SMO JUNIOR SECTION 2012 SOLUTIONS PART 1

Problem 1 :

Let α and β be the roots of the quadratic equation

x² + 2bx + b = 1

The smallest possible value of (α - β)²

(A)  0     (B) 1      (C)  2    (D)  3     (E)  4

Solution :

x² + 2bx + b - 1 = 0

(α - β)² =  (α + β)² - 4 α β ---(1)

a = 1, b = 2b and c = b - 1

α + β = -b/a

α β = c/a

α + β = -2b/1 ==> -2b

α β = (b - 1)/1 ==> b - 1

(α - β)² =  (-2b)² - 4(b - 1)

= 4b² - 4b + 4

= 4(b² - b + 1)

It will have minimum (Smallest value) when x = 1/2.

4[(b - (1/2))² + 3/4] ≥ 3

So, option D is correct.

Problem 2 :

It is known that n²⁰¹² + n²⁰¹⁰ is divisible by 10 for some positive integer n. Which of the following numbers is not a possible value for n?
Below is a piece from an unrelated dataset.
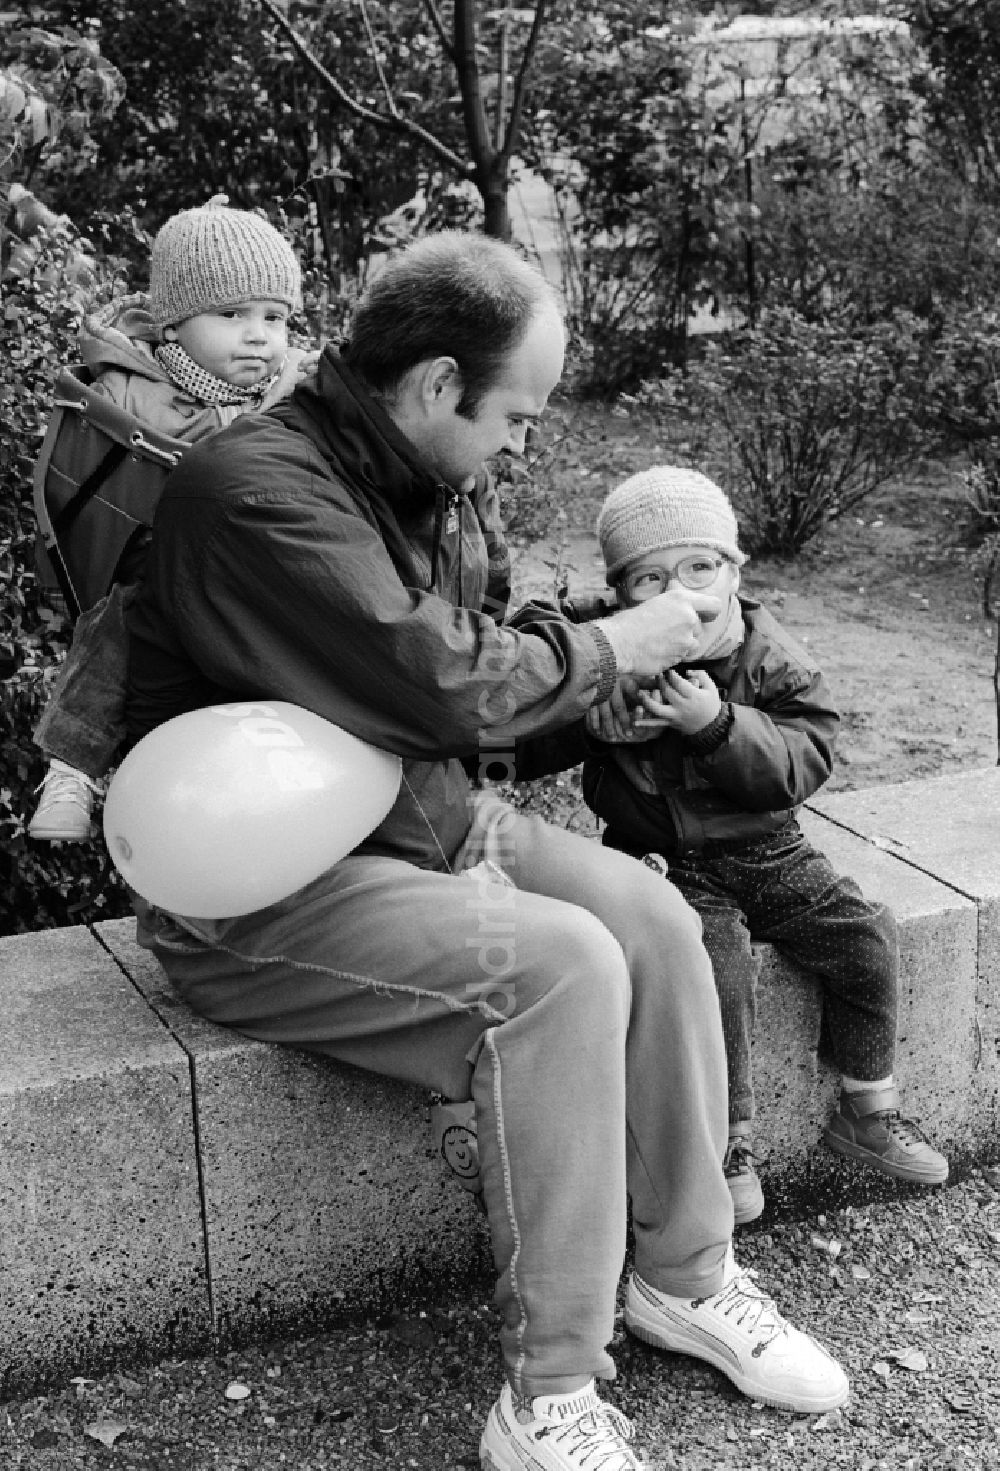 Berlin: Vater mit zwei Kindern in Berlin, der ehemaligen Hauptstadt der DDR, Deutsche Demokratische Republik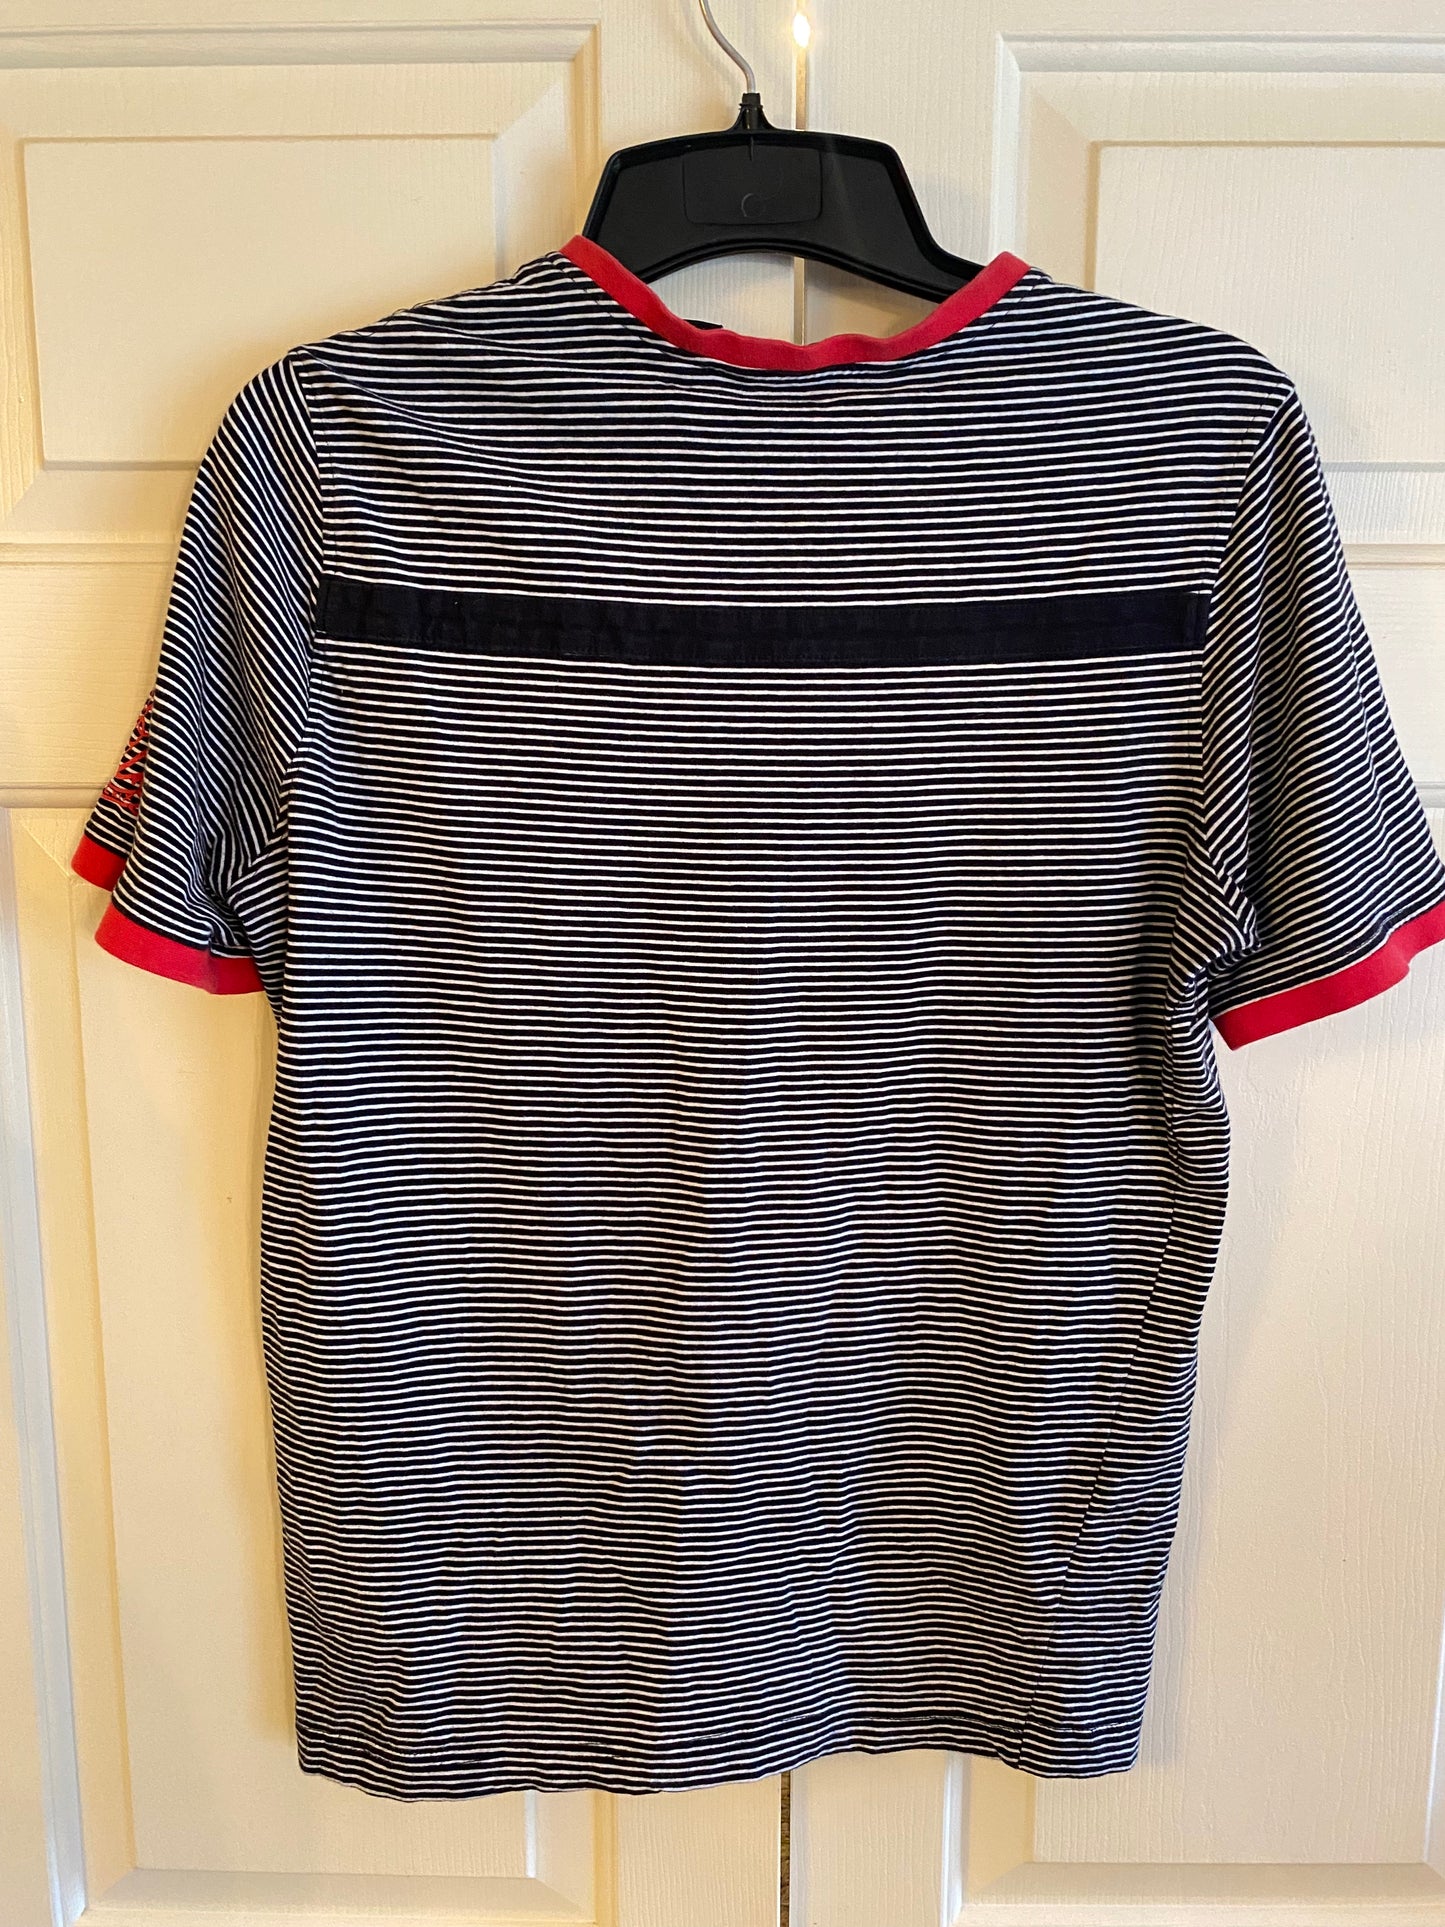 Sean John Mens V Neck T Shirt Size M Gray Black Striped Botton Pocket Red Accent

(A) 2    (B) 13     (C) 35     (D) 47    (E) 59

Solution :

= n²⁰¹² + n²⁰¹⁰

= n²⁰¹⁰(n² + 1)

If the number is divisible by 10, then it should end with 0.

• Cyclicity of 2 is 4 ==> (2, 4, 8, 16, ..........)
• Cyclicity of 3 is 4 ==> (3, 9, 27, 81, ..........)
• Cyclicity of 5 is 1 ==> (5, 25, 125, ..........)
• Cyclicity of 7 is 4 ==> (7, 49, 343, 2401 ..........)
• Cyclicity of 9 is 2 ==> (9, 81, 729, ..........)

Option A : If n = 2

Cyclicity of 2 is 4.

2010/4 = remainder 2

2² = 4.Unit digit of 2²⁰¹⁰ is 4

= 2²⁰¹⁰(2² + 1)

= 4(2² + 1)

= 4(5)

Will end with 0, divisible by 10.

Option B : If n = 13

Cyclicity of 3 is 4.

2010/4 = remainder 2

3² = 9.Unit digit of 3²⁰¹⁰ is 9

= 9(13² + 1)

= 9(unit digit of 13² is 9 + 1)

= 9 (unit digit is 0)

Will end with 0, divisible by 10.

Option C : If n = 35

Cyclicity of 5 is 1.

2010/1 = remainder 0

5⁰ = 5.Unit digit of 5²⁰¹⁰ is 5.

= 5(35² + 1)

= 5(unit digit of 35² is 5 + 1)

= 5 (unit digit is 6)

Will end with 0, divisible by 10.

Option D : If n = 47

Cyclicity of 7 is 4.

2010/4 = remainder 2

7² = 49.Unit digit of 7²⁰¹⁰ is 9.

= 9(47² + 1)

= 9(unit digit of 47² is 9 + 1)

= 9 (unit digit is 0)

Will end with 0, divisible by 10.

Option E : If n = 59

Cyclicity of 9 is 2.

2010/2 = remainder 0

9⁰ = 1.Unit digit of 59²⁰¹⁰ is 1.

= 1(59² + 1)

= 1(unit digit of 59² is 1 + 1)

= 9 (unit digit is 2)

Will not end with 0, not divisible by 10. So, option E is correct.